Exercise brief: Taking the records line by line, how many lines contain the word "Basic"? Answer with the number only.

[Opening Source information section]

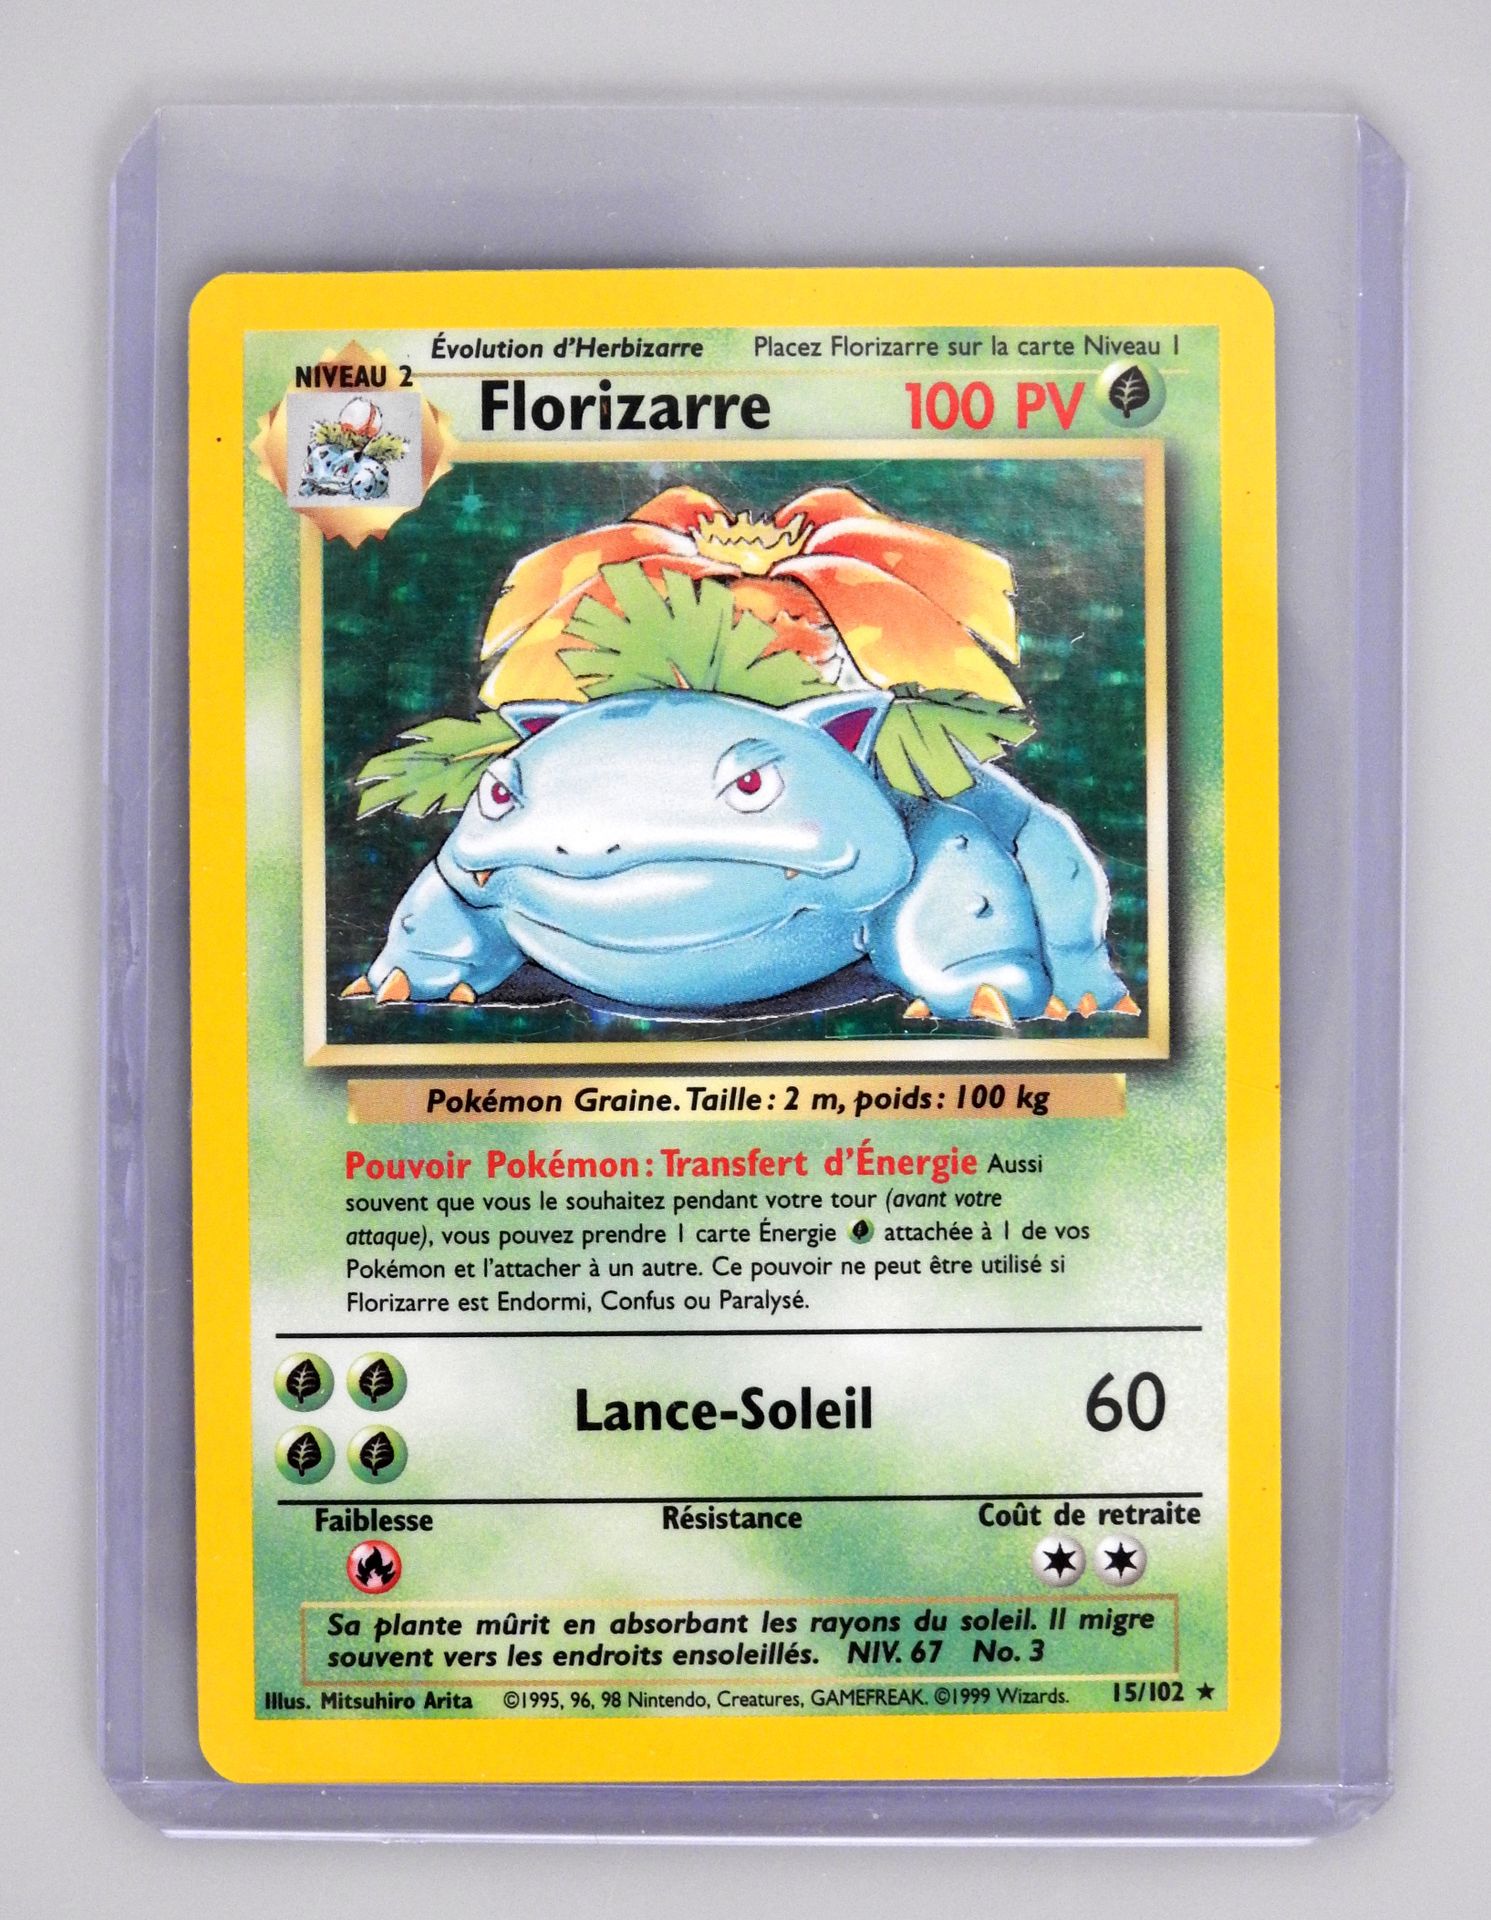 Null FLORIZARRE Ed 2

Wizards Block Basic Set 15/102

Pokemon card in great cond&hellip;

[Closing Source information section]
[Opening Source information section]

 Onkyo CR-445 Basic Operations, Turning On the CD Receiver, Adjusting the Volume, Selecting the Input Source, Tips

[Closing Source information section]
[Opening Source information section]

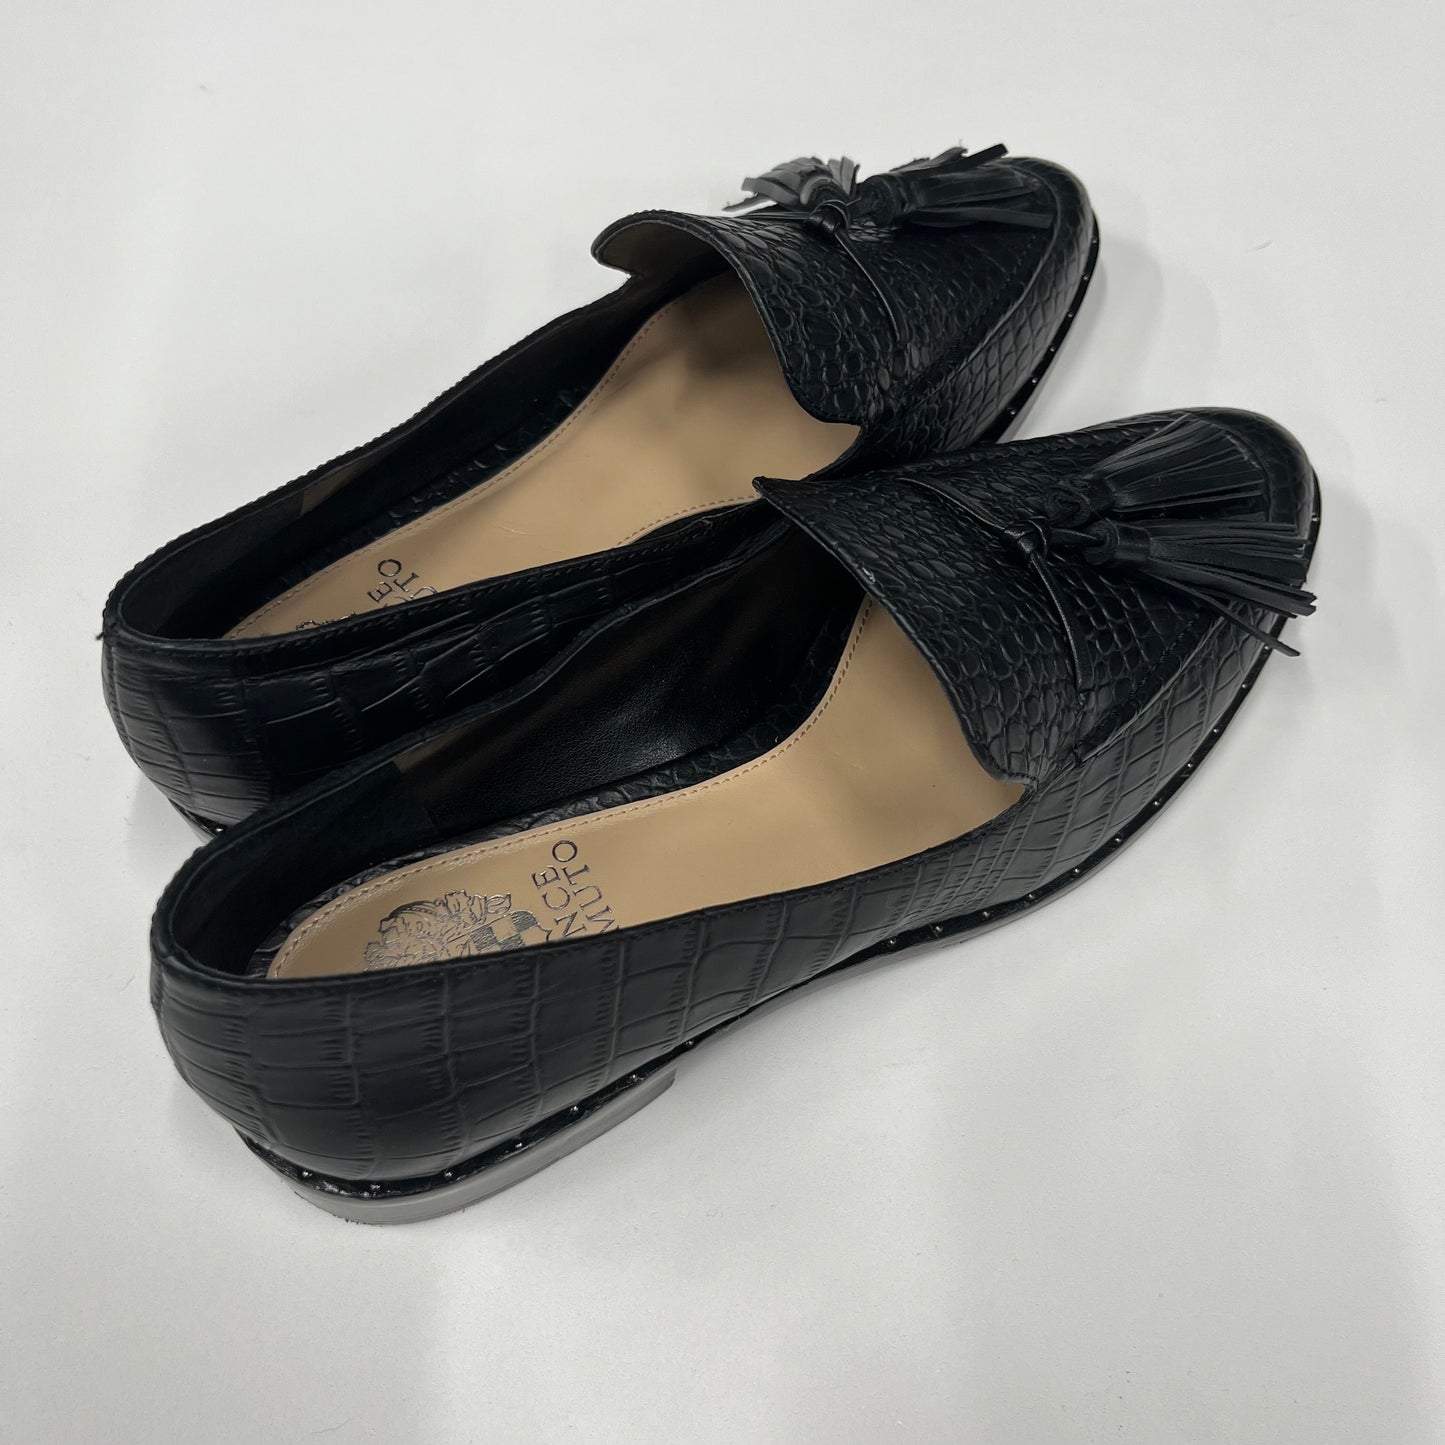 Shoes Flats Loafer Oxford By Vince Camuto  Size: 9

[Closing Source information section]

Task answer: 2